Now she stops, she looks right at me, and she says, when you say um every third word, it makes you sound stupid. Now she has my full attention. Again, if she hadn’t said it to me just that way, I wouldn’t have gone to see the speech coach, and when I did, I realized she really wasn’t exaggerating. I literally said um every third word. The thing that was interesting about this to me was that I have been giving presentations my entire career. I had raised millions of dollars for a startup giving presentations. I thought I was pretty good at it. Nobody had ever told me that I had this problem. It was as though I had been walking through my entire career with my fly down and nobody had had the courtesy to tell me.

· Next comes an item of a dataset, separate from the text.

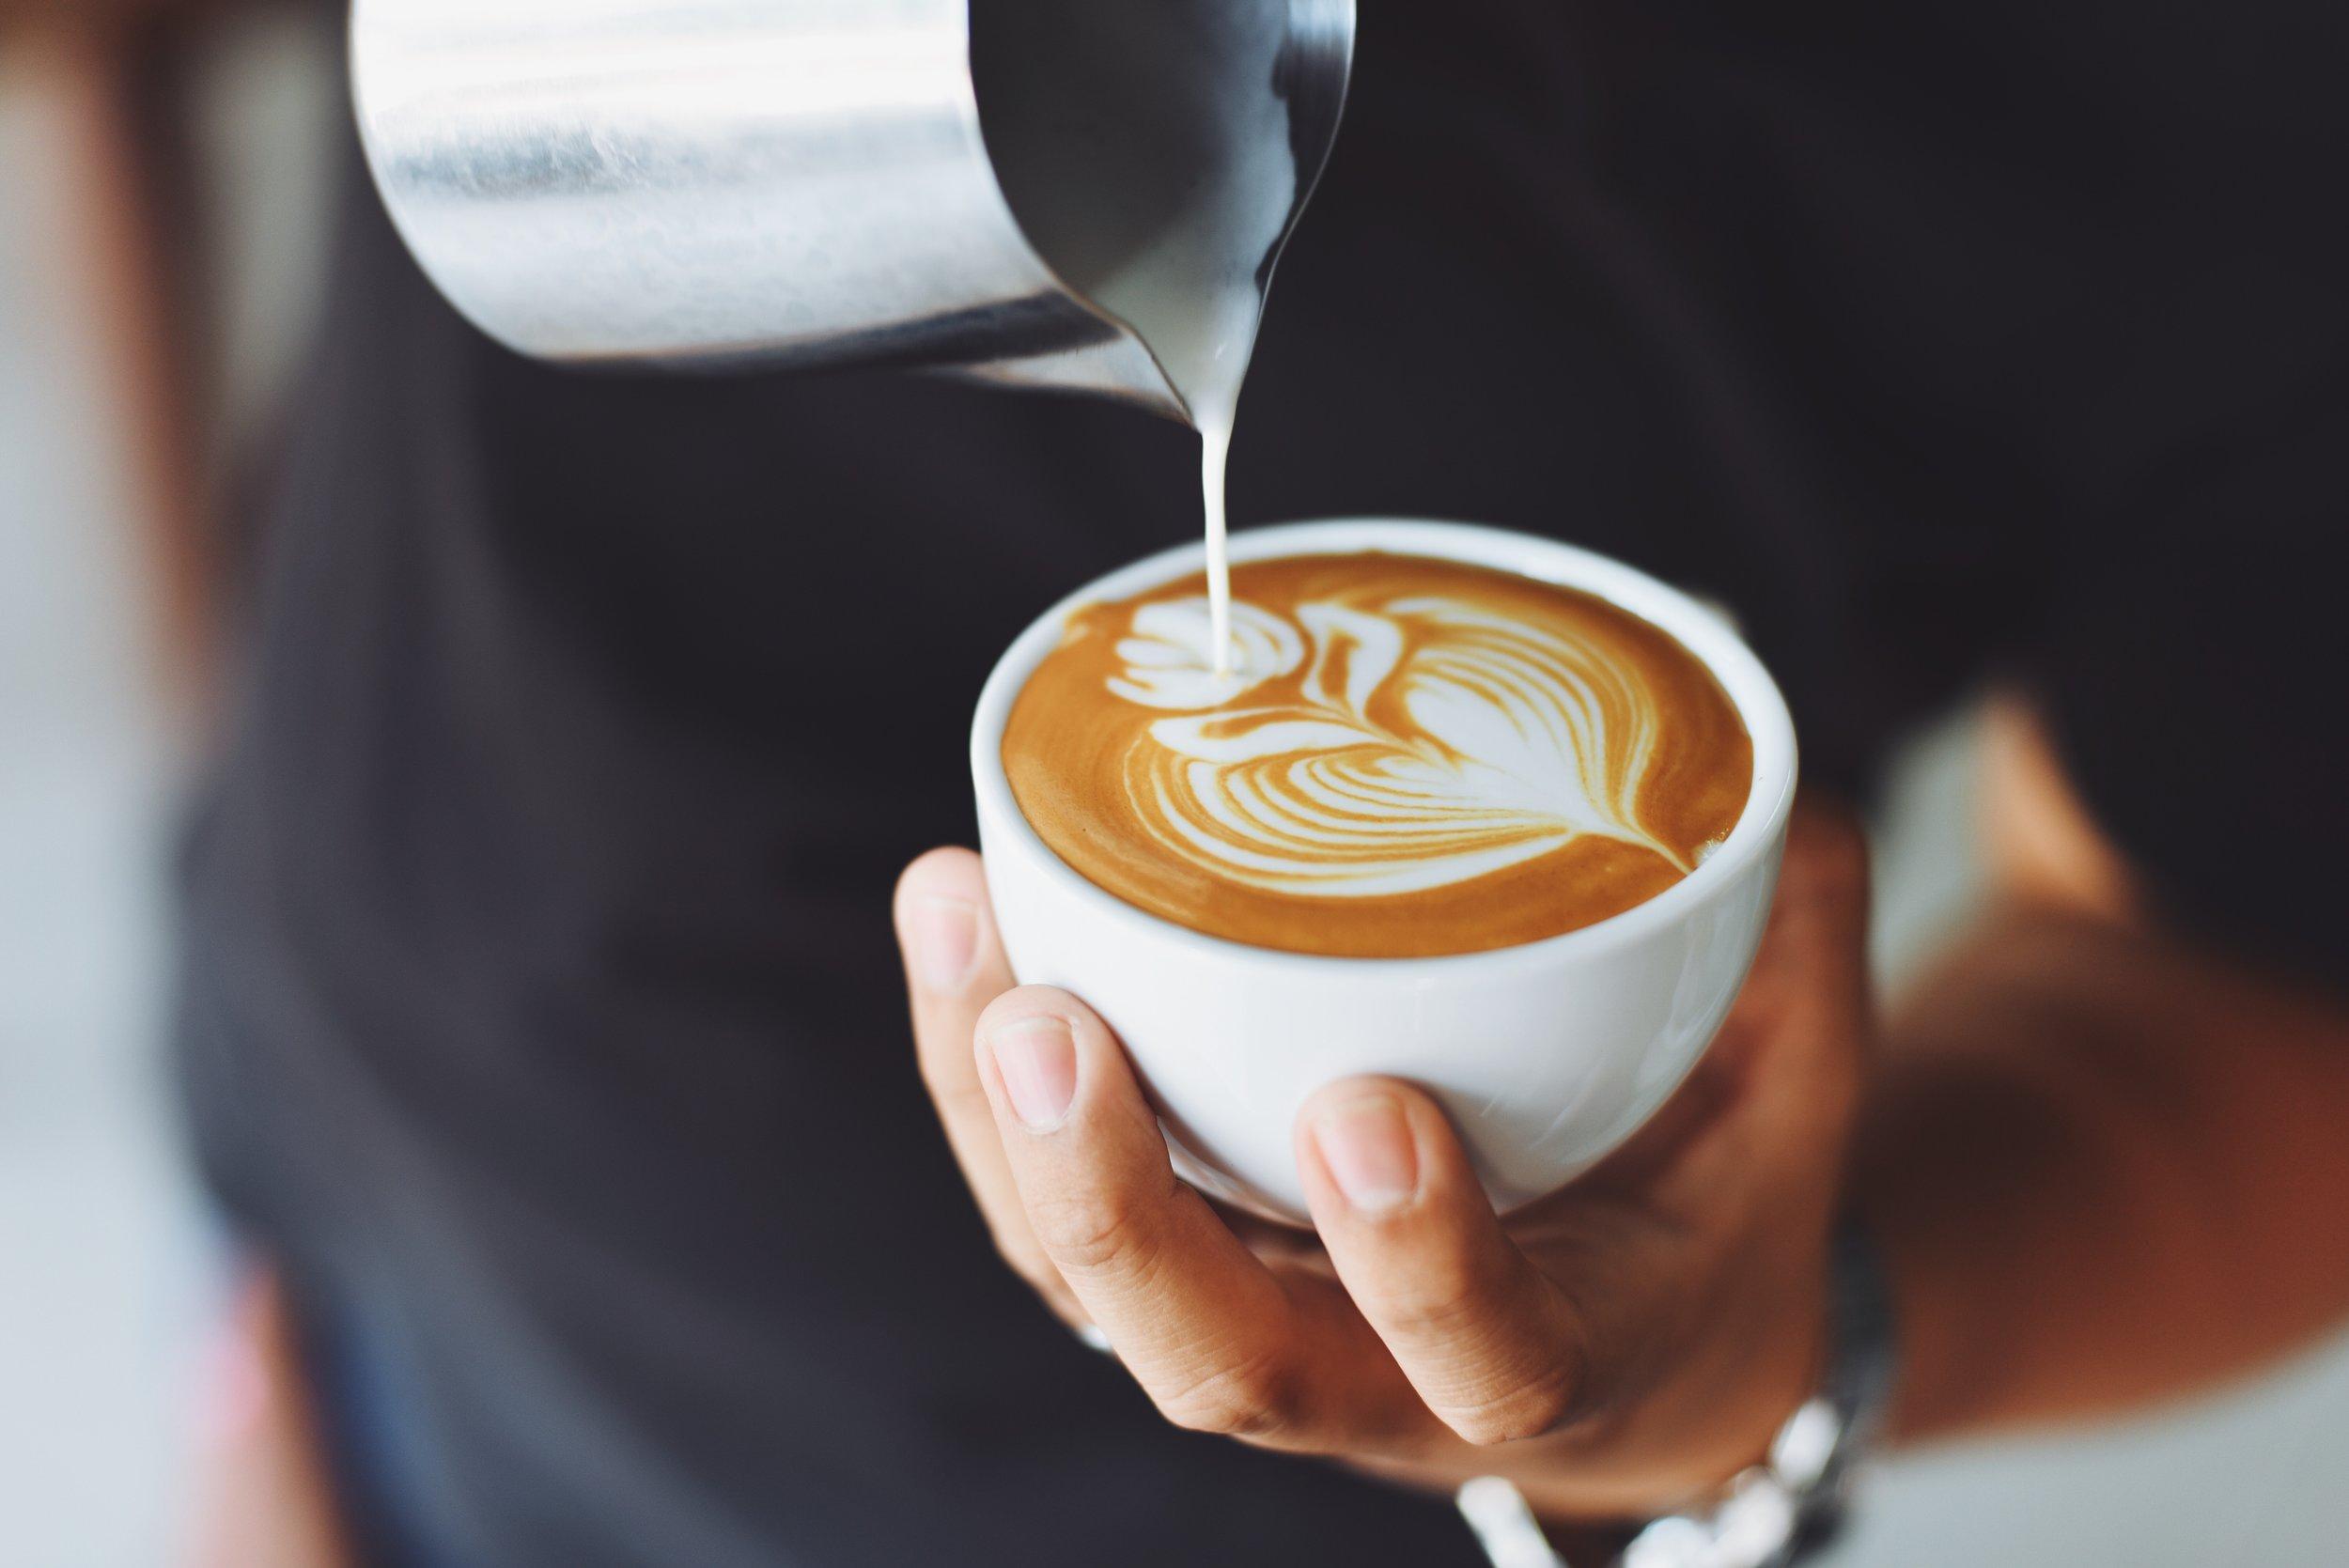 brighton girl coffee

So this was interesting to me, two things were interesting. One was what was it about Cheryl that made it easy for her or seemingly easy for her to tell me, but also very interestingly why had nobody else ever told me, and I realized it came down to two things as you mentioned, caring personally and challenging directly. I knew that Cheryl cared about me not just as an employee, but as a human being, and not just me, but all the people who worked directly for her. But she also never let her concern for our short term feelings get in the way of telling us something we needed to hear. Those are the dimensions of radical candor. That is with made it easy or seemingly easy for Cheryl to tell me what I needed to hear in a way that I could in fact hear it.

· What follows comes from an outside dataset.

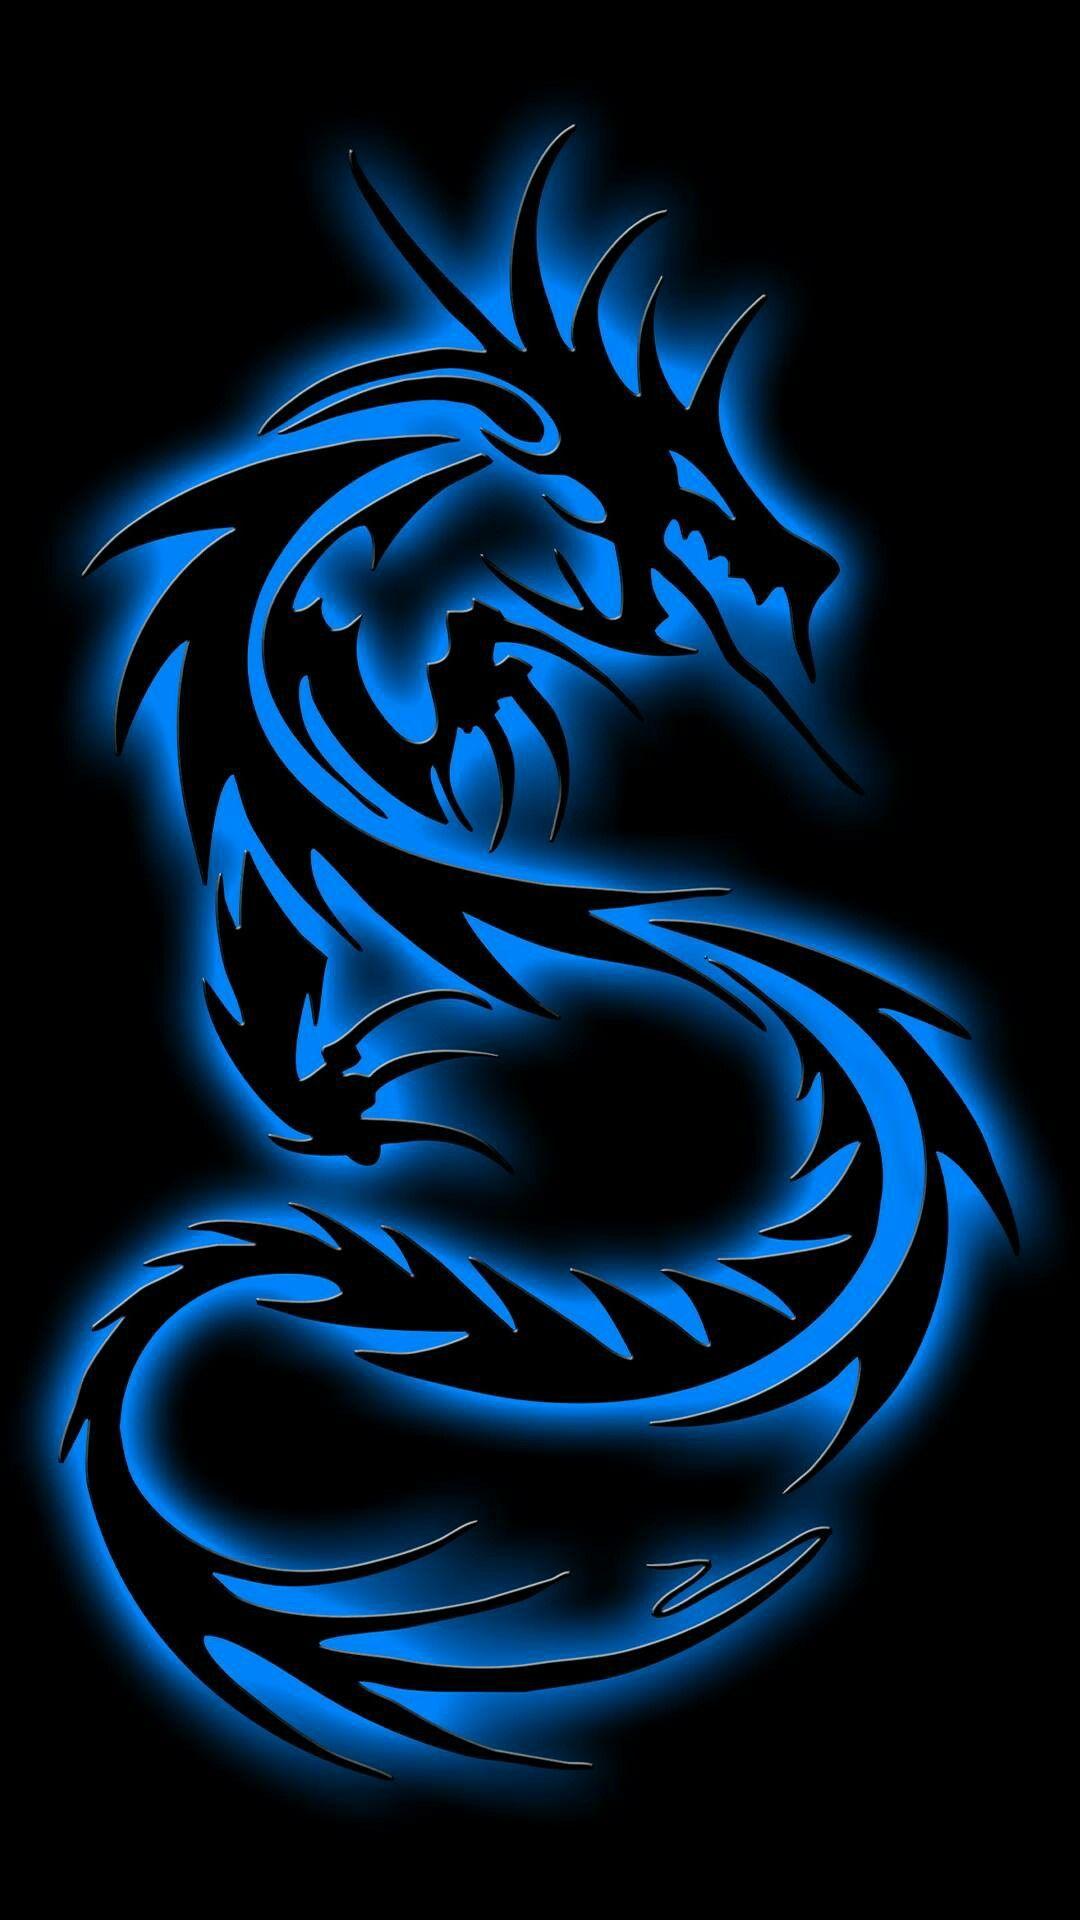 Dragon Tattoo Mobile Wallpaper

So I spent a lot of time thinking about and trying to define what happened when you fail on one dimension or another because nobody starts their career out thinking I don’t care about other people, so I’m going to be a great boss. That’s not what moves us down on the care personally dimension. Of course, part of it is we get busy, we get preoccupied, but I think on a more fundamental level what moves us down on that care personally dimension of radical candor is getting told when we’re 18, 19, 20 years old, we have our first job, we’re right at that moment in our careers when our egos are quite fragile, but our personas are beginning to solidify. Right at that moment, somebody comes along and says be professional. For an awful lot of us, that gets translated to mean leave your emotions, leave who you really are, leave your humanity, leave your very best part of yourself at home, and come to work like some kind of robot.
You can’t care about other people at a personal level as a robot. So that’s the care personally dimension. Then challenge directly. What is it that makes it so hard for us as you said in the beginning to say what we really think needs saying? I think this begins not when we’re 18 years old, but when we’re 18 months old. It begins when a parent or somebody says to us if you don’t have anything nice to say don’t say anything at all. And now all of a sudden, you’ve had this training since you learned to speak, and now it’s your job to say it. That’s hard. It’s really hard.
Peter: Right. I want to in some ways give the reverse case that you just gave because I know a number of people where they actually get the feedback in a sense. They’ve heard other people say it, but it’s a total blind spot. What they’ll say is I don’t have that problem, I’m not a micromanager. Like you say I’m a micromanager, but I’m not a micromanager. Do you have any advice to, with staying strong on the scale of both caring personally and challenging, what’s your advice for helping someone get past that blind spot place where you can say something and they’re just not really believing you?
Kim: I think often feedback fails when it’s too abstract. So if you say you’re a micromanager, I may be thinking about all these examples when I’m not a micromanager and also my intentions. Meanwhile, if you say Kim, when you told me that I had to move the picture in my room before we started the podcast, like you didn’t need to get into that level of detail. So the more specific you can make and the smaller example you can make the feedback, the easier for people it is to hear it.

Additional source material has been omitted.